Dataset content —
= = =
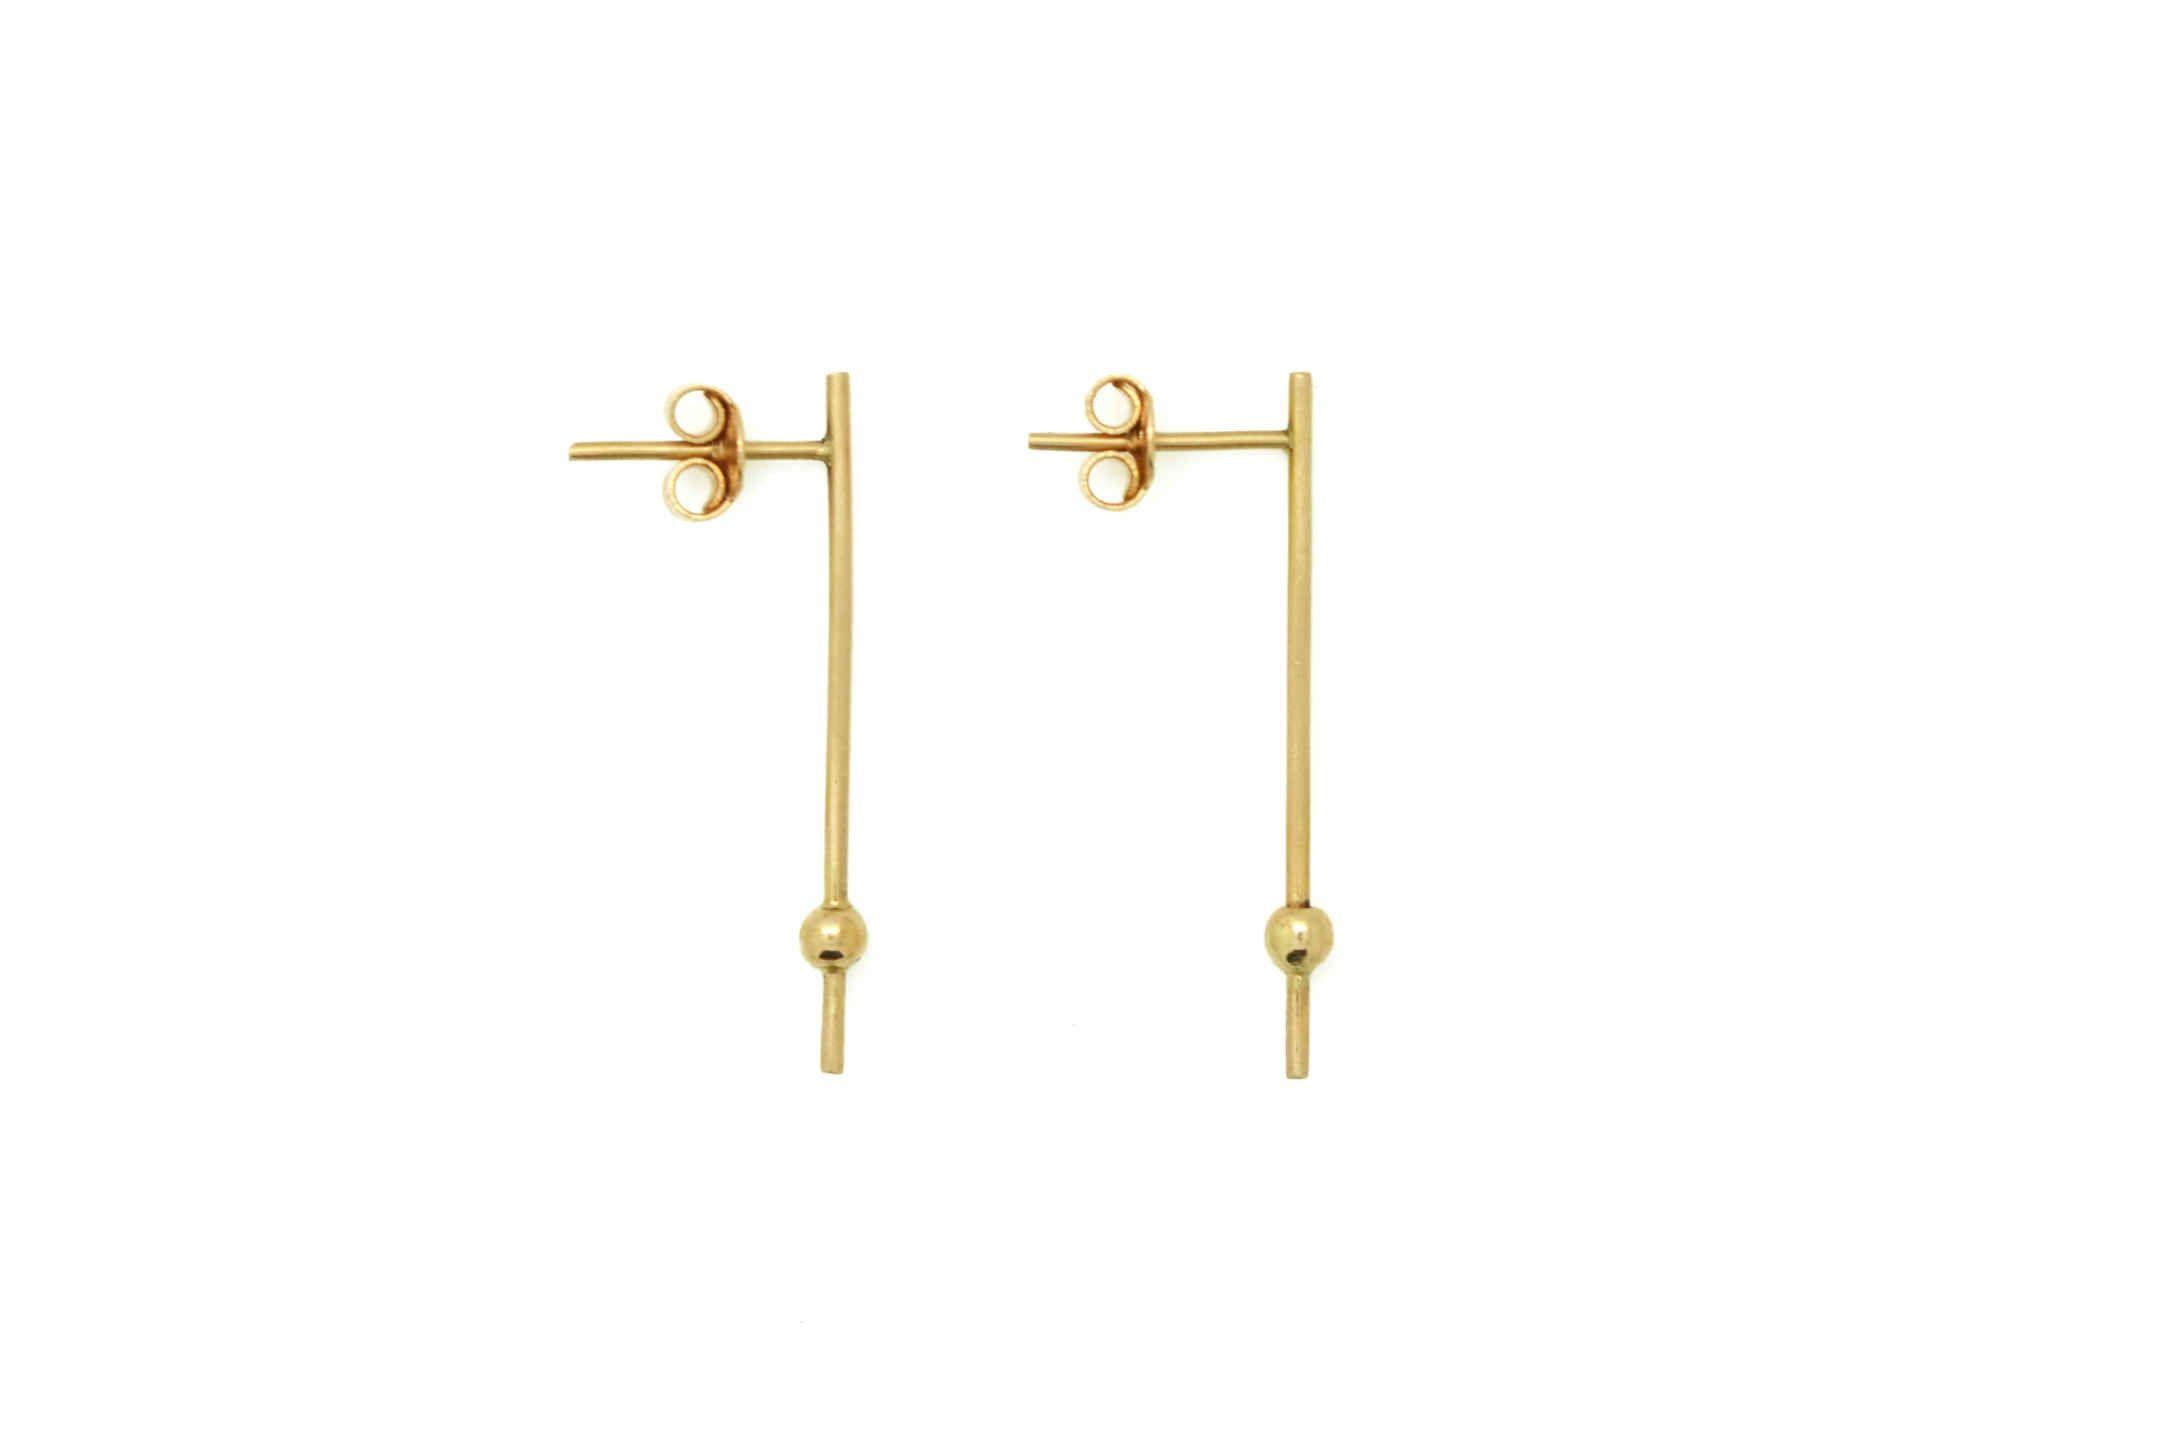 Bar orb earrings - 18k gold
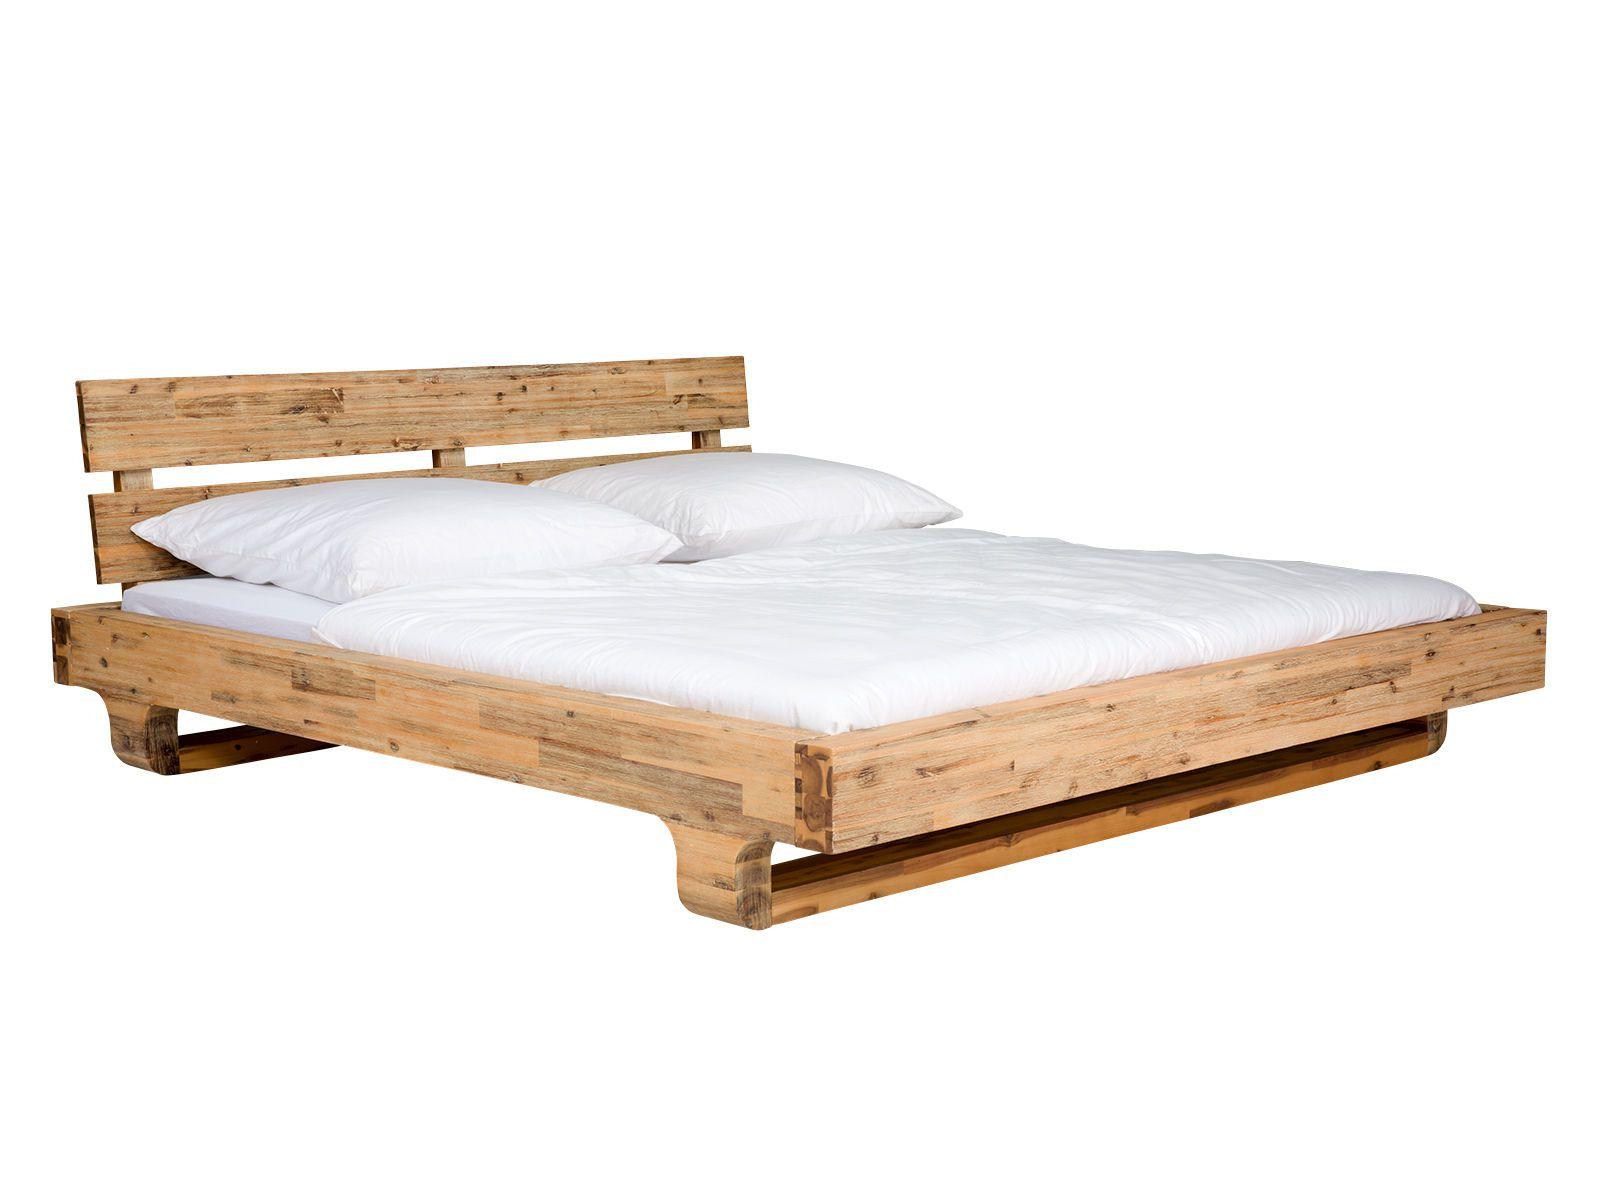 Full Size of Bett 80x200 180x200 Mit Bettkasten 160x200 Betten Frankfurt Esstisch Holz Massiv Amerikanisches Weißes 140x200 Matratze Und Lattenrost Modernes überlänge Bett Bett Holz
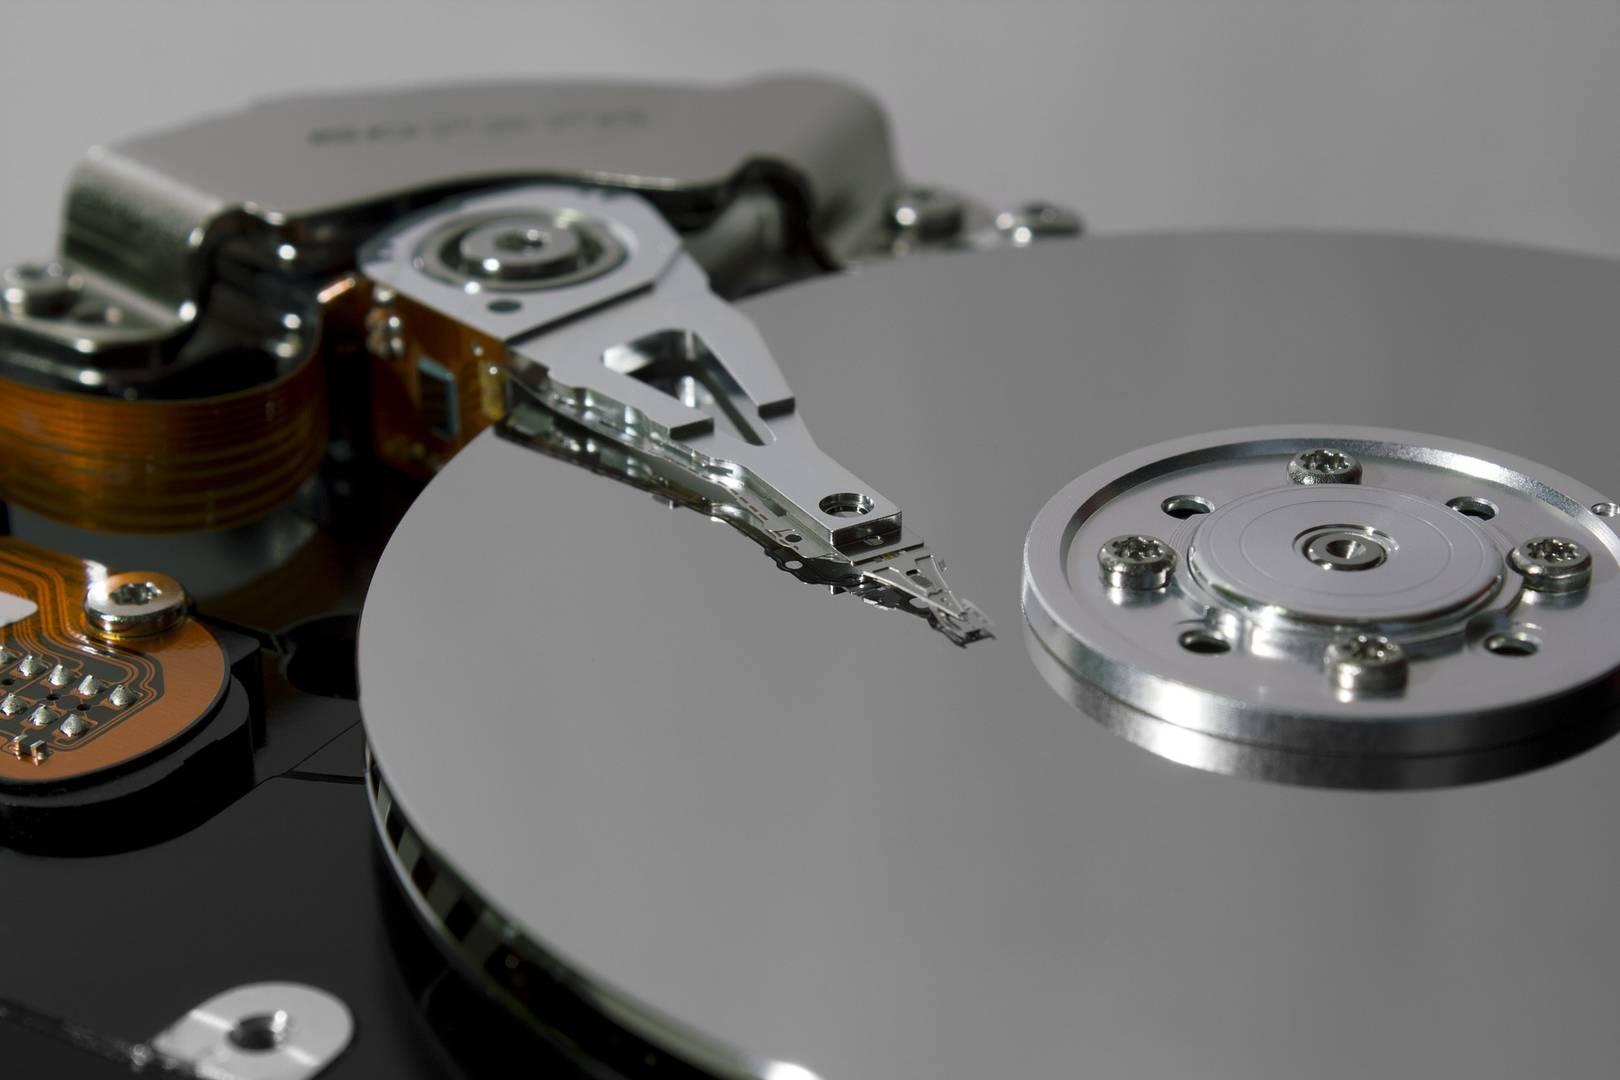 recuperar archivos eliminados de disco duro
= = =
Task directions — Could you print the material above word for word and skip the images?

Answer space —
 Bar orb earrings - 18k gold
 Full Size of Bett 80x200 180x200 Mit Bettkasten 160x200 Betten Frankfurt Esstisch Holz Massiv Amerikanisches Weißes 140x200 Matratze Und Lattenrost Modernes überlänge Bett Bett Holz
 recuperar archivos eliminados de disco duro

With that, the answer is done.